Every GPU generation pushes against the same obstacle: memory. Models grow faster than memory capacity, forcing engineers into complex multi-GPU setups, aggressive quantization, or painful trade-offs.

NVIDIA’s Blackwell architecture, followed by Hopper in 2024, attacks this problem at the hardware level, rethinking not how much memory a GPU has, but how it’s structured and fully accessed.

Running the Llama 3 70B is no longer a concern – no parallelism or squeezing models into tight memory limits. Instead, the same hardware footprint can now handle significantly larger parameter counts.

This article breaks down the memory enhancements that make Blackwell the most capable AI accelerator to date.

Conditions

This article assumes you are comfortable with a few GPU basics.
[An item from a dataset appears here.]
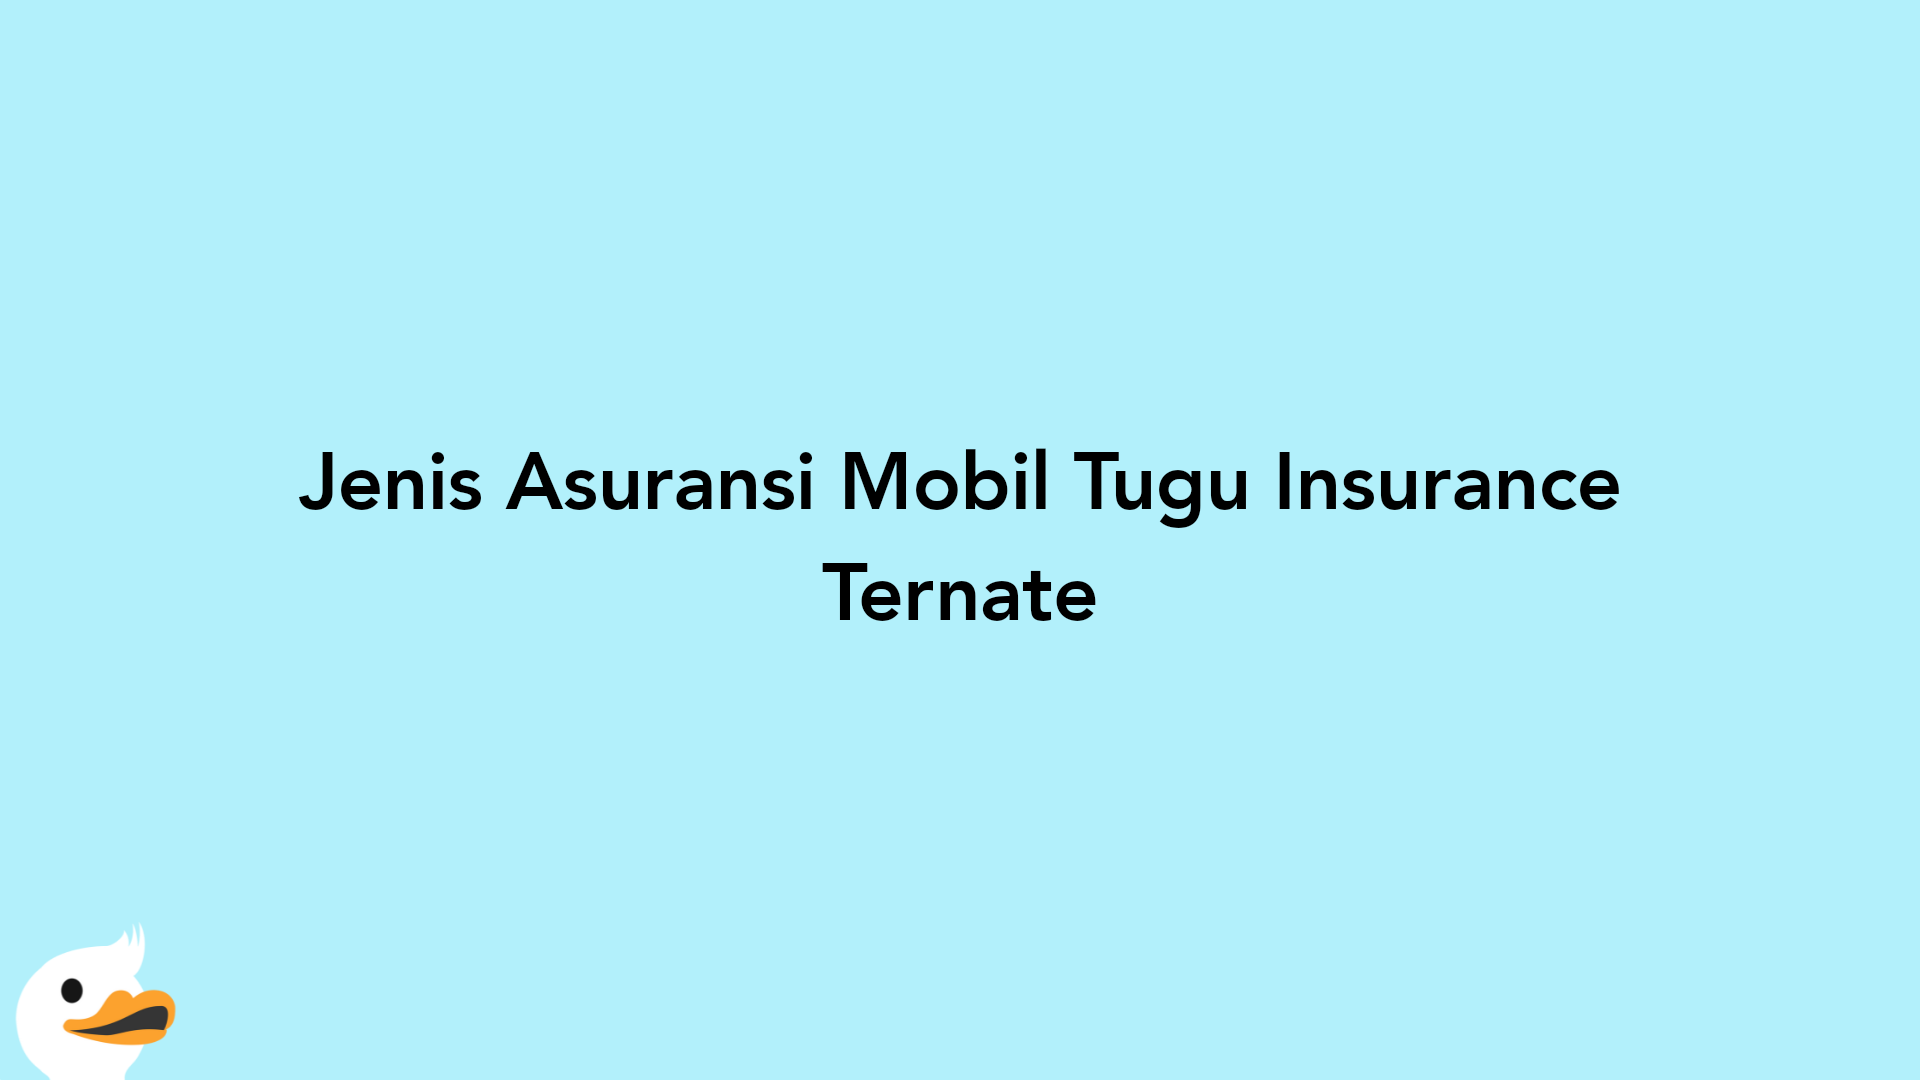 Jenis Asuransi Mobil Tugu Insurance Ternate

If any of these feel shaky, the linked resources will get you up to speed in 10-15 minutes.

GPU Anatomy – What is SM, and the role of registers, shared memory (L1), L2 cache, and memory controllers. (Memory classification of GPUs)
Three memory matrices — capacity (how much fits), bandwidth (how fast data moves), and latency (how long a single access takes). These are not interchangeable, and Blackwell optimizes all three differently. (GPU memory bandwidth)
Types of GPU Memory — HBM, GDDR, and LPDDR5X, and the bandwidth/capacity/power trade-offs between them. (Cuda GPU Memory Types)
The chip connects. — PCIe, NVLink, and a chip-to-chip (C2C) link idea. (AI Systems Game)

If you’re solid on all fours, you’re ready.

The generational leap

Before diving into how Blackwell achieves its performance gains, here’s what’s changed from the previous GPU generation:

Details	Hopper H100	Blackwell B200	Change
Capacity of HBM	80 GB (HBM3)	192 GB (HBM3e)	2.4×
HBM bandwidth	3.35 TB/s	8 TB/s	2.4×
L2 cache	50 MB	126 MB	2.5×
L1/Common per SM	256 KB	128 KB	0.5×
Die design	monolith	Double Dye (MCM)	–
CPU integration	Separate (PCIe)	Unified (NVLink C2C)	–

The numbers tell a clear story: more memory, more bandwidth, bigger caches. The rest of this article explains how these pieces fit together.

GB200 Super Chip

NVIDIA Blackwell GB200 Superchip

The Grace Blackwell (GB200) extends the superchip design NVIDIA introduced with the Grace Hopper (GH200), where an ARM-based Grace CPU is combined with GPU chips in a single package to form a unified computing system.

In the Blackwell generation, the GB200 combines a Grace CPU with two Blackwell GPUs, connected via NVLink Chip-to-Chip (NVLink-C2C), a high-bandwidth interface that allows CPUs and GPUs to share memory and operate as a system.

Grace CPU

The Grace CPU is an ARM Neoverse v2 designed by NVIDIA for bandwidth and performance. It handles general-purpose tasks, preprocessing, and tokenization, and feeds data to the GPU via NVLink C-2-C. The Grace CPU acts as extended storage for the GPU.

The Grace CPU runs at a moderate clock speed but compensates for its LPDDR5X memory with massive memory bandwidth of up to 500GB/s (low power double data rate 5x – we’ll talk more about that in a moment) with around 100MB of L3 cache.

LPDDR5X (Low Power Double Data Rate 5x)

LPDDR5X is a high-speed memory standard that delivers up to 10.7 Gbps of data. LPDDR5X offers low power efficiency, making it ideal for this use case.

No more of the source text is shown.